For the purpose of this question we say that a relation is asymmetric if $(x,y) \in R$ implies $(y,x) \not \in R$.
Example: for $k=1$ the answer is $|X| \ge 3$, because the 'rock-paper-scissors' relation does the trick: $X = \{r,p,s\}$ and $R = \{(r,p),(p,s),(s,r)\}$ does the trick, and you can check that it is not possible with $|X| \le 2$. For $k=2$, I believe the answer is $|X| \ge 7$.

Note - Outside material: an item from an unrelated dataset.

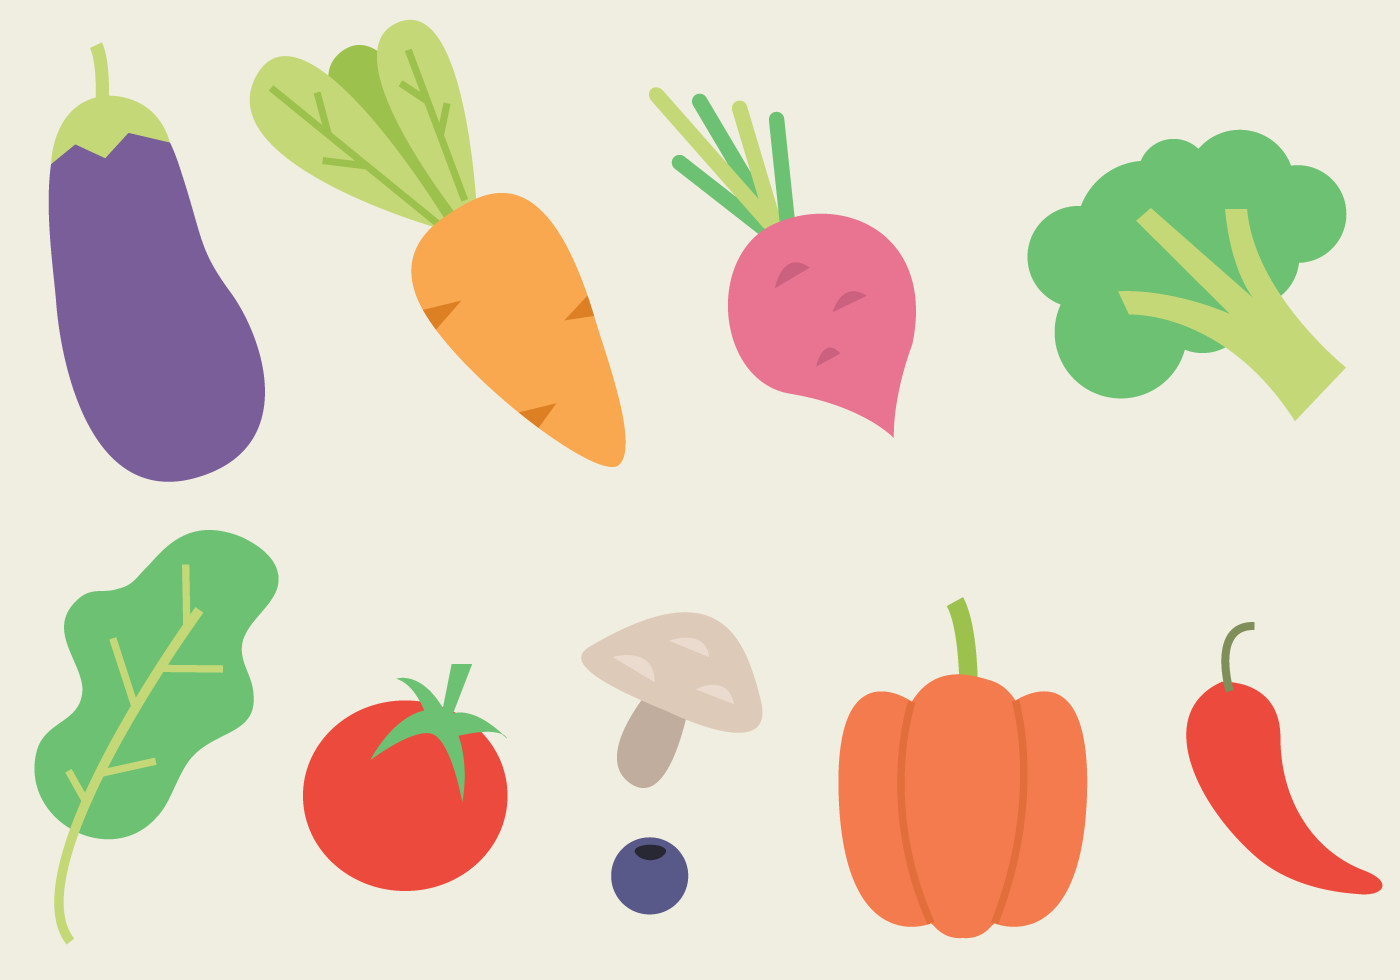 Free Vegetables Vector - Download Free Vector Art, Stock ...

Context: I followed the `Topics in Combinatorics' lecture series by Tim Gowers on YouTube [1] (which I warmly recommend) and this problem was the second part of a problem on a question sheet [2]. The first part of the question is to prove that for each $k$, there exists a relation $R \subset X^2$ with this property for some $X$. You can solve this part with an averaging argument.
[1] https://www.youtube.com/watch?v=WcLrT263p2w&list=PLOft35kj95aYT2SgFbYwEOavJ7gagmCVZ
[2] https://drive.google.com/file/d/1OFgVrk1n2zxSF5tcfSe5Fxrva0YVhXEl/view
Let $f(k)$ be the smallest number such that there exists an asymmetric relation $R$ on a set $X$ of size $f(k)$, so that for all $\{x_1,\dots,x_k\}\subseteq X$, there will exist $x\in X$ so that $(x,x_i)\in R$ for all $i\in \{1,\dots,k\}$ (what a mouthful!). One can show that $$ f(k)\ge 2^{k+1}-1 \, . $$ Furthermore, this bound is tight for $k=1$ and $k=2$. Erdös himself conjectured that $f(k)=2^{k+1}-1$ for all $k\ge 1$. However, the following paper (1) by Szekeres and Szekeres further shows that $$ f(k)\ge (k+2)2^{k-1}-1 $$ So $f(3)\ge 19$, and $f(3)\neq 15$. In the same paper, they prove $f(3)\le 19$. Here, the asymmetric relation on $19$ vertices which works is the quadratic residue tournament modulo $19$. That is, $X=\mathbb Z/19\mathbb Z$, and $(x,y)\in R$ whenever there exists $k\in \mathbb Z/19\mathbb Z$ so that $x\equiv y+k^2\pmod{19}$.
Finally, Erdös showed that there exists a constant $C$ for which $$ f(k)\le Ck^22^k,\qquad \text{for all }k\ge 1 $$ using a probabilistic argument. These are the best bounds I know on $f(k)$.